Initial analysis suggests this could be because the administrative data better capture the top and bottom of the income distribution, although further research is needed to confirm this.
This phenomenon was also true when looking at administrative and survey-based records for the same person, with some survey respondents potentially reporting turnover rather than income – however, this research is complicated because of data linkage challenges.
Evidence published by HM Revenue and Customs (HMRC) suggests some individuals under-report their self-employment income when submitting a Self Assessment tax return; however, our analyses cannot shed light on whether these individuals would feed this under-reporting through to their survey response.
The Office for National Statistics (ONS) publishes official estimates of income in the Effects of taxes and benefits on UK household income (ETB) yearly statistical bulletins, using Living Costs and Food Survey (LCF) data. The data and publications include breakdowns for self-employment income.
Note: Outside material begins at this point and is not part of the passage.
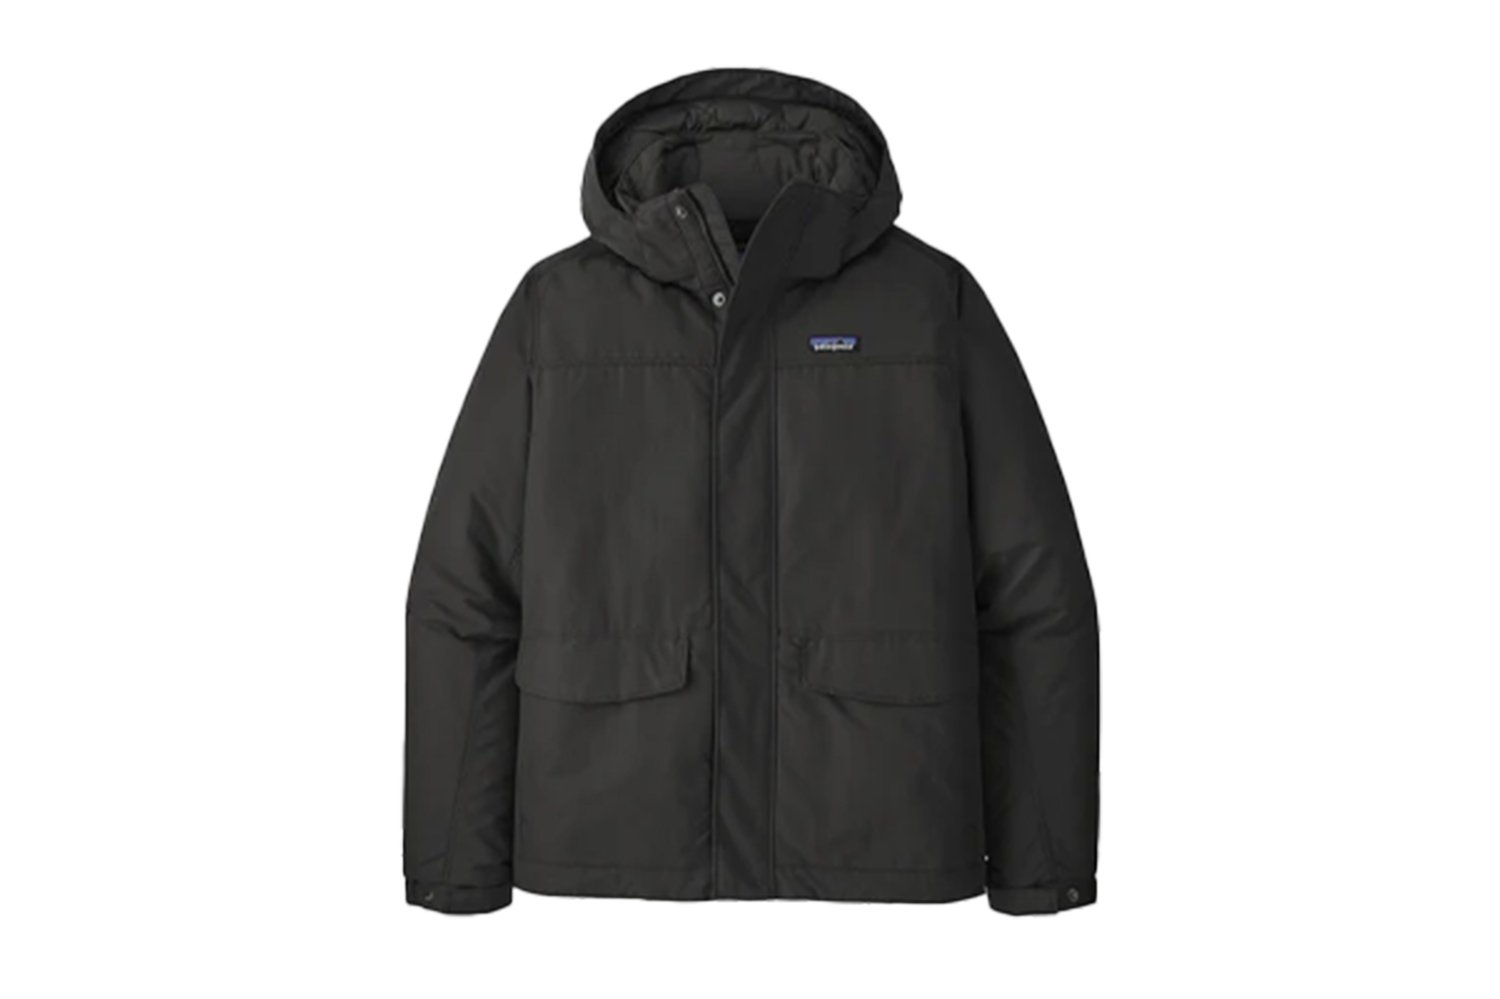 patagonia/メンズ・イスマス・ジャケット<img class='new_mark_img2' src='https://img.shop-pro.jp/img/new/icons1.gif' style='border:none;display:inline;margin:0px;padding:0px;width:auto;' />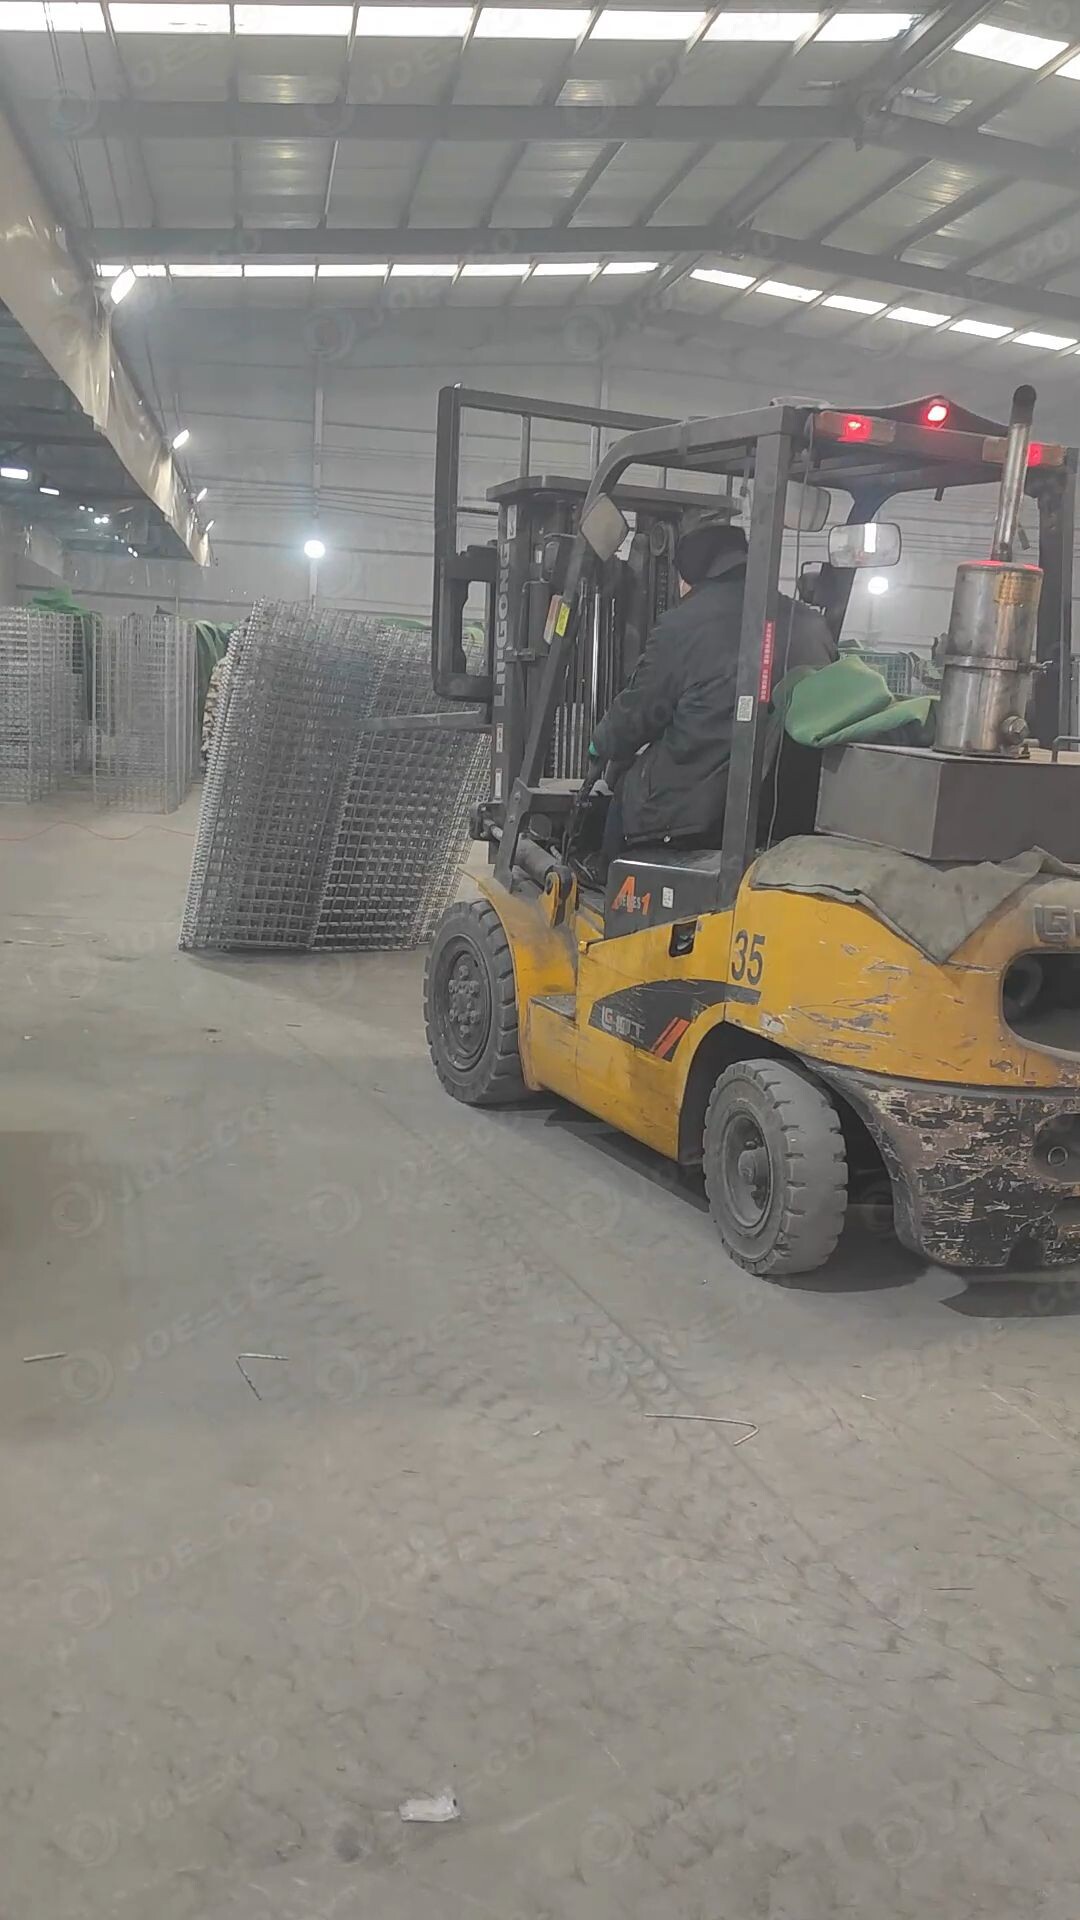 How to use a forklift to stand up an military barrier. thumbnail 1

This article presents research into the use of HM Revenue and Customs (HMRC) Self Assessment data to produce an administrative-based measure of self-employment income, replicating methods used to produce ONS’ survey-based estimates.
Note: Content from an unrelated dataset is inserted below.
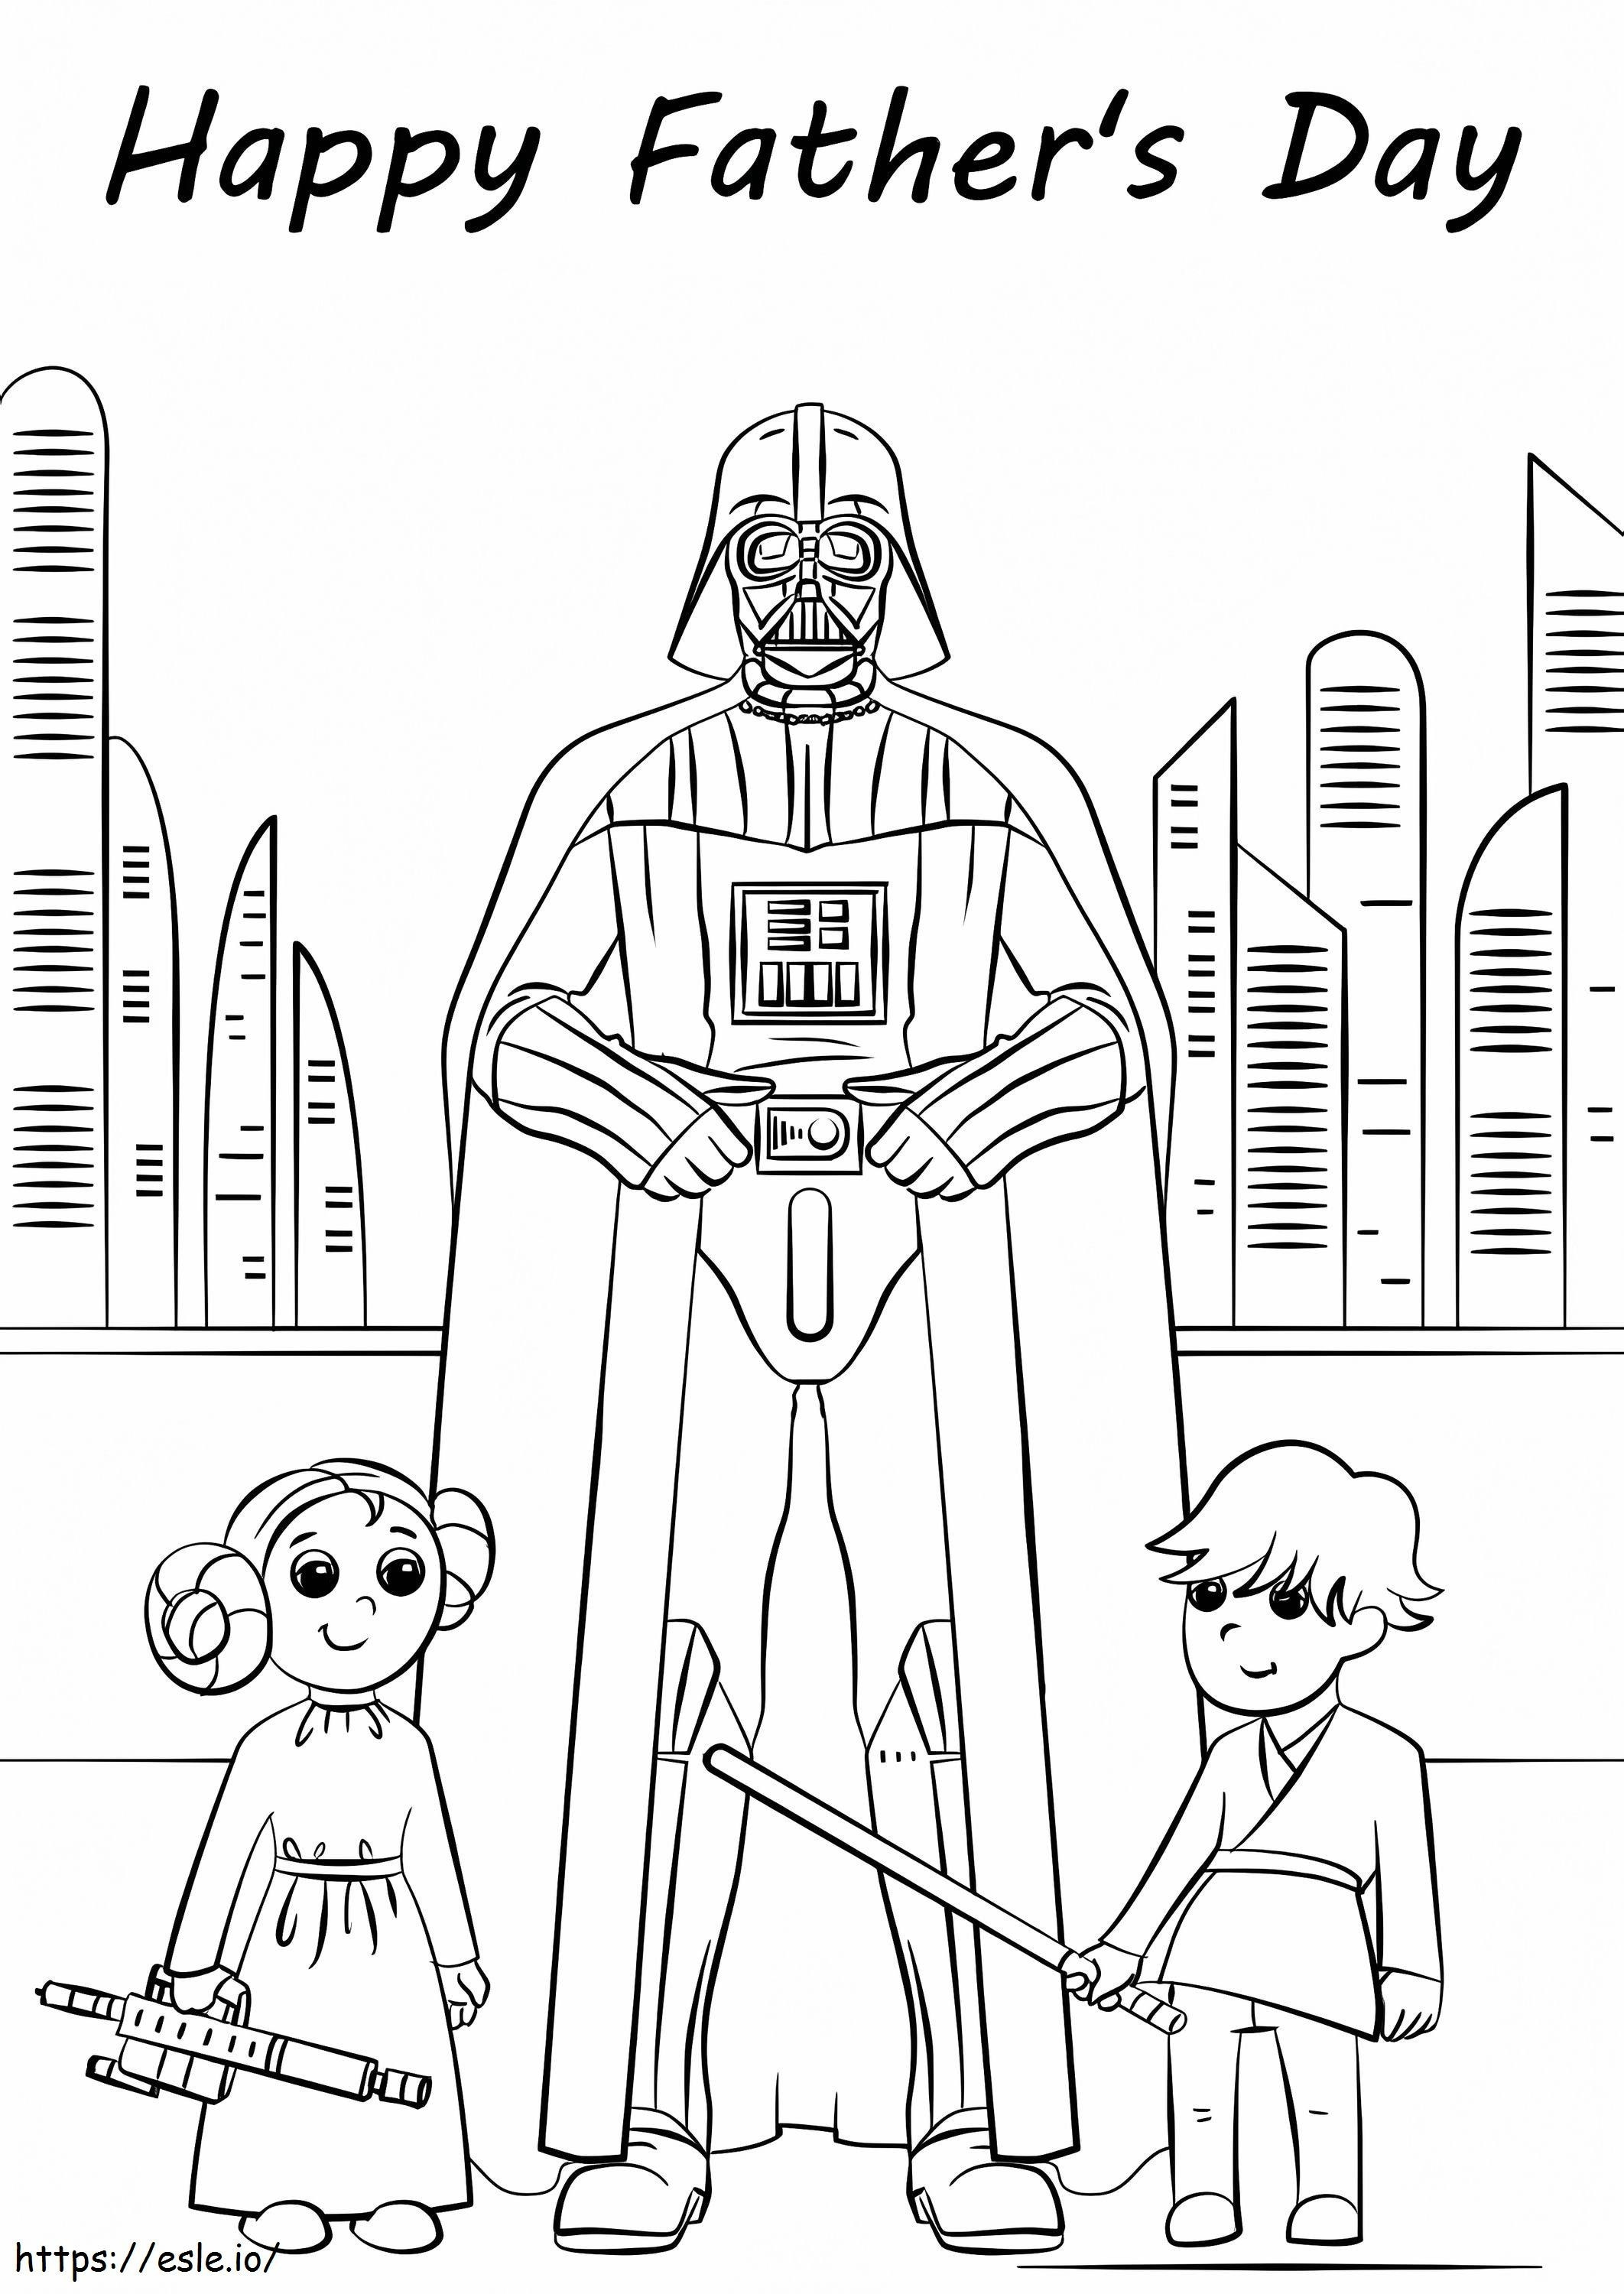 Free Happy Fathers Day coloring page

Comparisons are made using survey and administrative data covering the tax years ending 2016, 2017 and 2018, as well as with HMRC's official estimates of self-employment income.
This research will contribute to two main work streams as part of our plans to transform population and social statistics:
the development of a measure of self-employment income to incorporate into our Admin-based income statistics
the potential use of administrative data to improve existing survey-based measures of income or as an alternative data source to replace survey income questions
Creating a Self Assessment measure of self-employment income using survey-aligned methodology
Our survey-based measure of self-employment income draws on existing methods used to produce the ONS' ETB estimates. To compare, we have developed an administrative data-based measure which aligns with these existing methods to ensure similar concepts are being compared throughout. This will help us understand how self-employment income estimates differ when substituting administrative data into existing survey processes.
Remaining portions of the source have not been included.